Bias in the Age of Data
I was recently diagnosed with a neurodegenerative disorder, not one of the nightmarish ones that you dread to get, but still one that will have serious impact on my life as I progress. When I received the diagnosis, I did what any self-respecting adult would do, I asked the expert in front of me zero questions, thanked them for their time and subsequently spent the next 72 hours researching every progression study, every paper and every article I could find on it. I learnt a lot about the disease but I’m sure not much more than I would have learnt if I had just asked relevant questions to the expert I had waiting so long to see.
Where did this reliance on search engines over experts stem from and at what point did it reach this level, because I’m not the only one, majority of Americans trust Google for their News over actual news outlets, which to me makes sense but I think that’s part of the problem – there’s this overarching view that because this search engine has been coded it removes the bias that news outlets have become famous for but data is inherently bias, so how can search results be anything but?
While I don’t think bias in data sources is a new or undiscovered topic at all, with the historic juggernaut rise of GenAI and the use of large language models (LLM) being used to create these source of truth magic machines, the topic of data bias is one that I don’t think we’re putting enough emphasis on. GenAI has already become such a hot topic, that you can’t even say GPT three times in a mirror without an elderly relative appearing to ask if ChatGPT has feelings, but I think depending on what stage the models that you’re training for purpose are at there’s a serious importance to keeping an open and well catalogued collection of the data it’s being trained on.

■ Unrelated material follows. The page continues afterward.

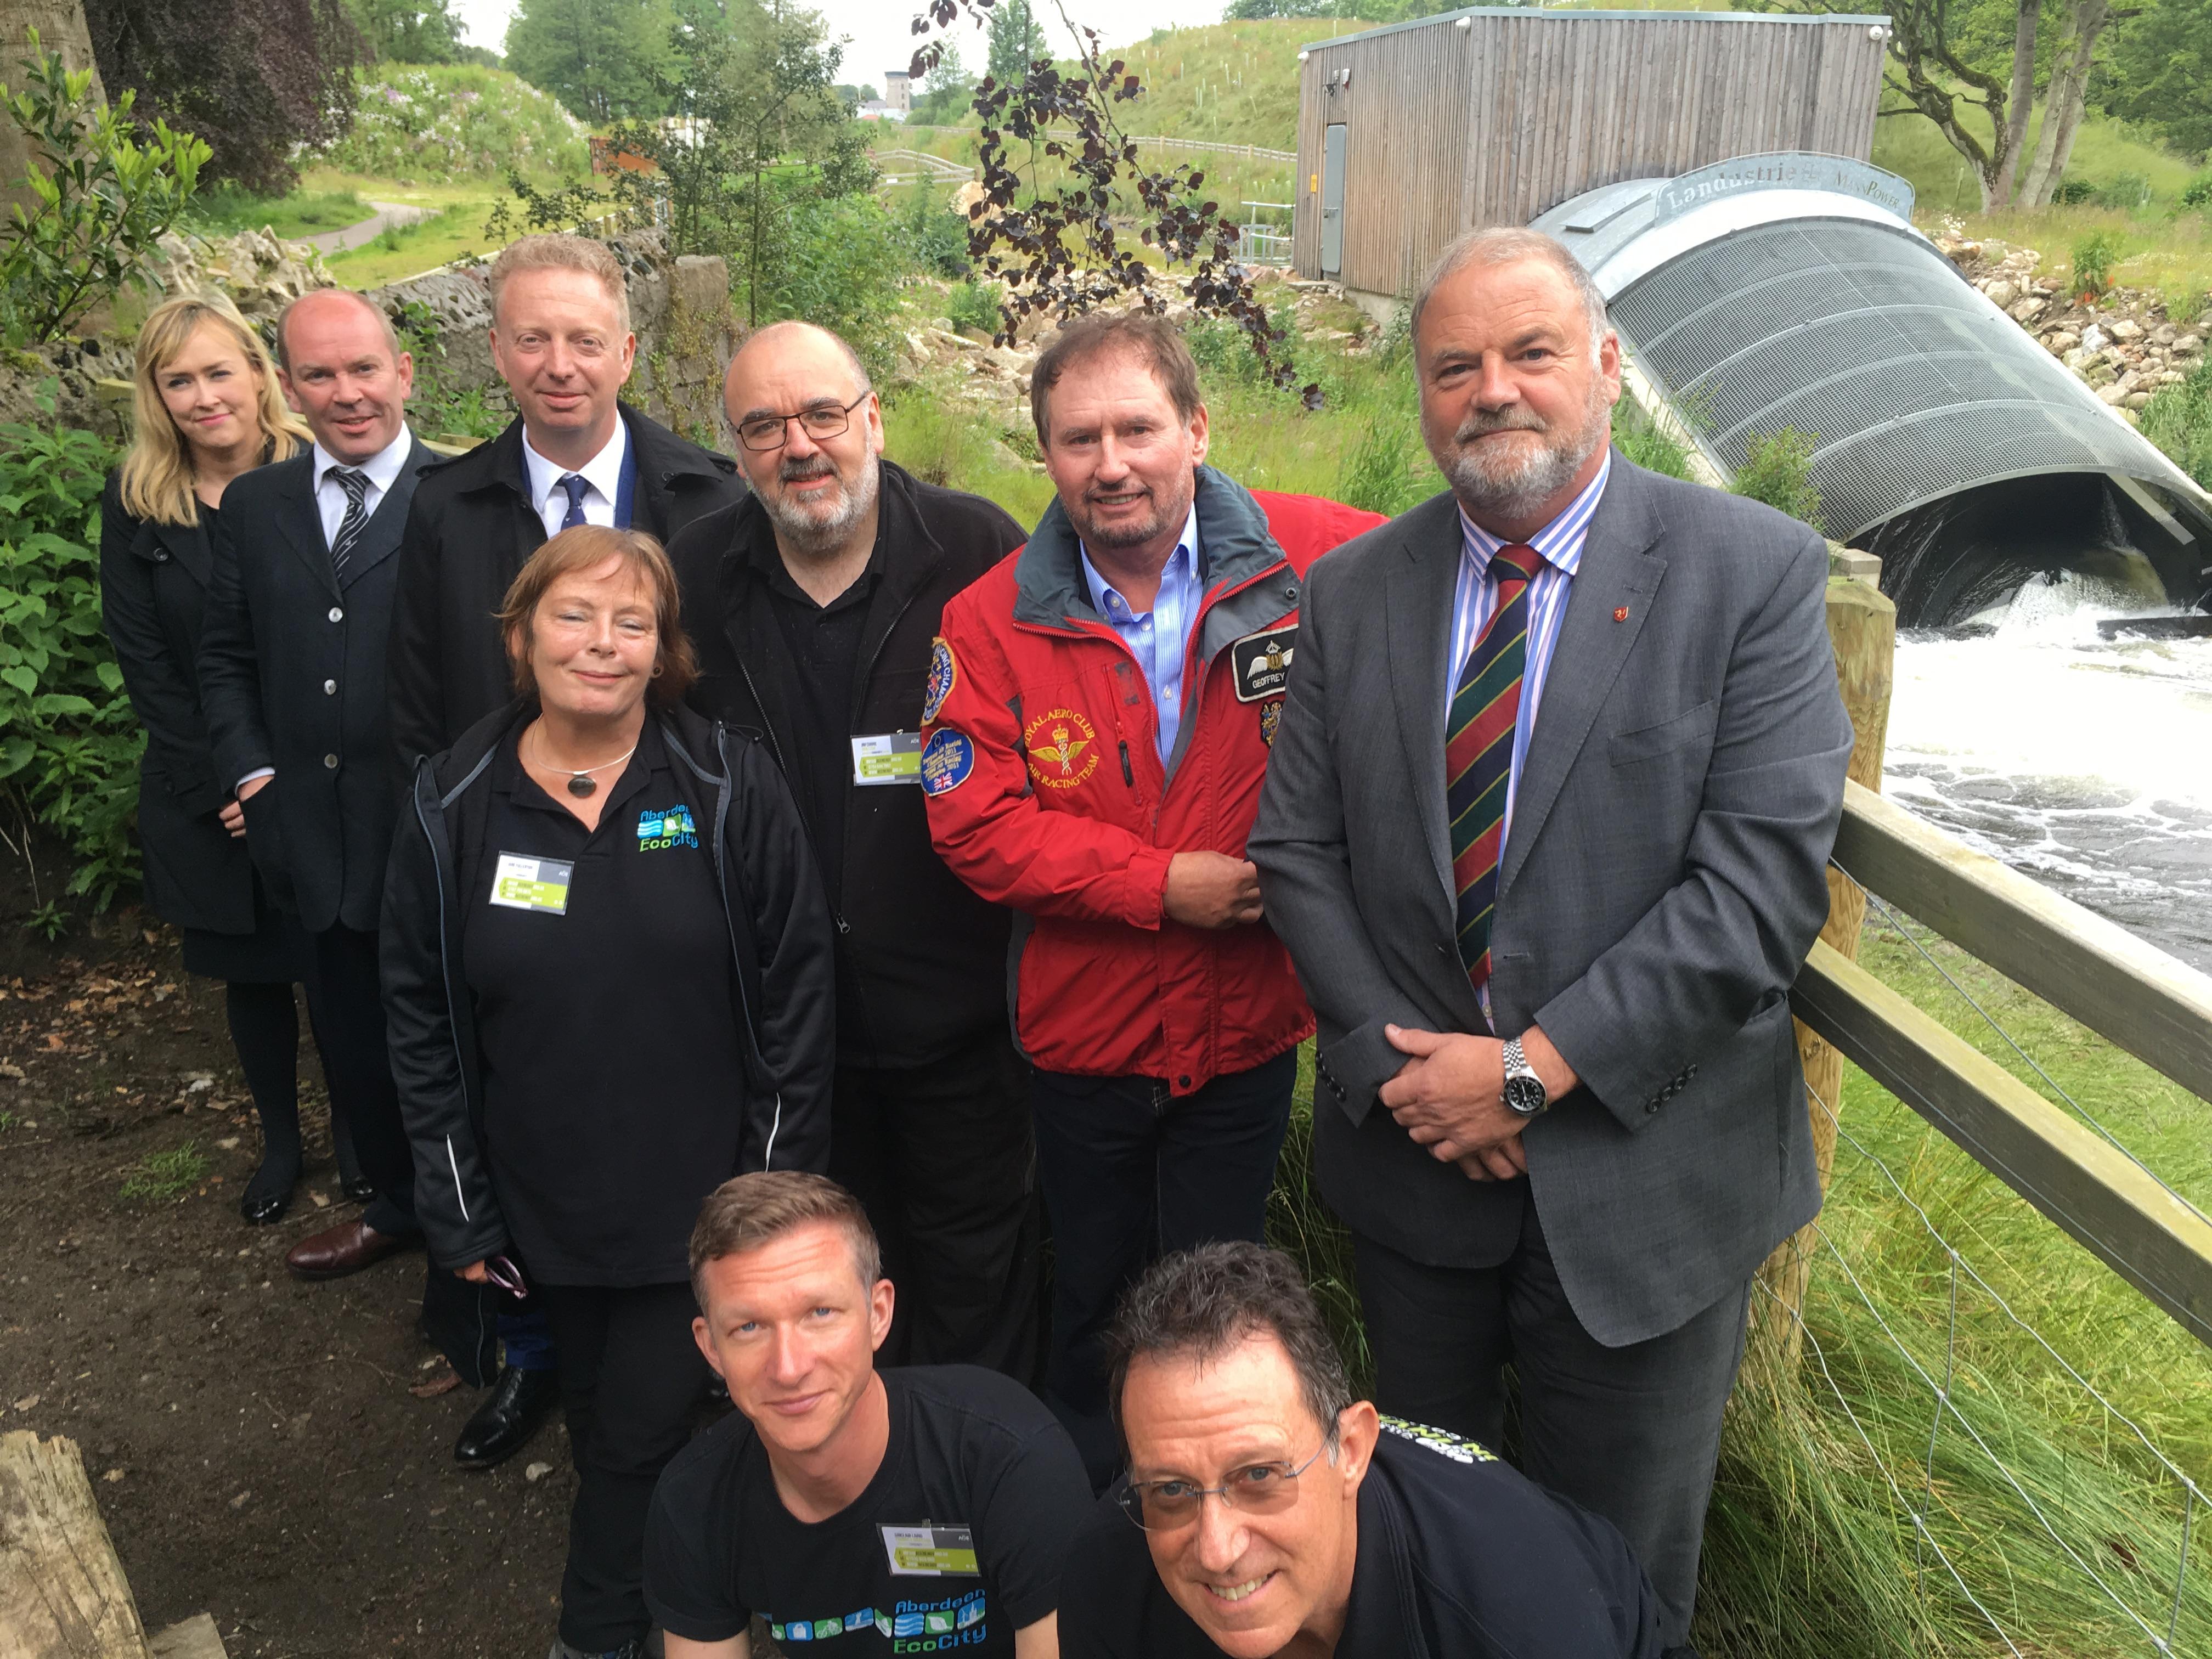 Delegates visited the hydro scheme near Donside village

Take a GPT model like the one that Bloomberg have spearheaded, how do you guarantee there is no bias, or even accidental agenda to the tool based on how it was fine-tuned. Will it suggest tools or services that benefit you, the user? Or ones that give the appearance of aid, while directly benefitting the organization that built the tool.
I think this openness on what data has been used to generate these tools is a must. With the rise of industries trying to patent their own models, I believe a database with all of the data the model was trained on should be a necessity to allow for the patent to be awarded. While I’m not an avid conspiracy theorist by any means, the secrecy that will inherently be adopted by organizations to ensure the unique selling points of their models over competitors gives rise to situations that harken back to the demonization of fat in the diets of people across the western world. The sugar research foundation paying researchers to publish a review on fat and heart disease, had huge implications on the health of people for years to come and led to sugar consumption to skyrocket with the emphasis put of fat-free foods, loaded with sugars to compensate for the flavor.
What stops this same interference and bias in data from continuing to happen if not for open datasets and transparency in model training. Would you trust a health tool if you knew it was built with an LLM sponsored by Coca-Cola? What about a technical advisory tool built byAWS, is the advice you receive to migrate to the cloud un-bias, does it actually make sense for where you organization is on the maturity index, or is the tool’s primary goal value generation – not for the user, but for the creator.
Living in the ‘Age of Data’ has a lot of pros, it’s taught me to be skeptical of everything I read and to try, because there is never a guarantee, to only utilize un-biased information to back decisions I make on a daily basis, but I fear that while the public enjoys the sorcery of these GenAI tools and majority don’t want to know how it works, its this very bliss in the ignorance around these tools that will allow industries to take advantage of the public.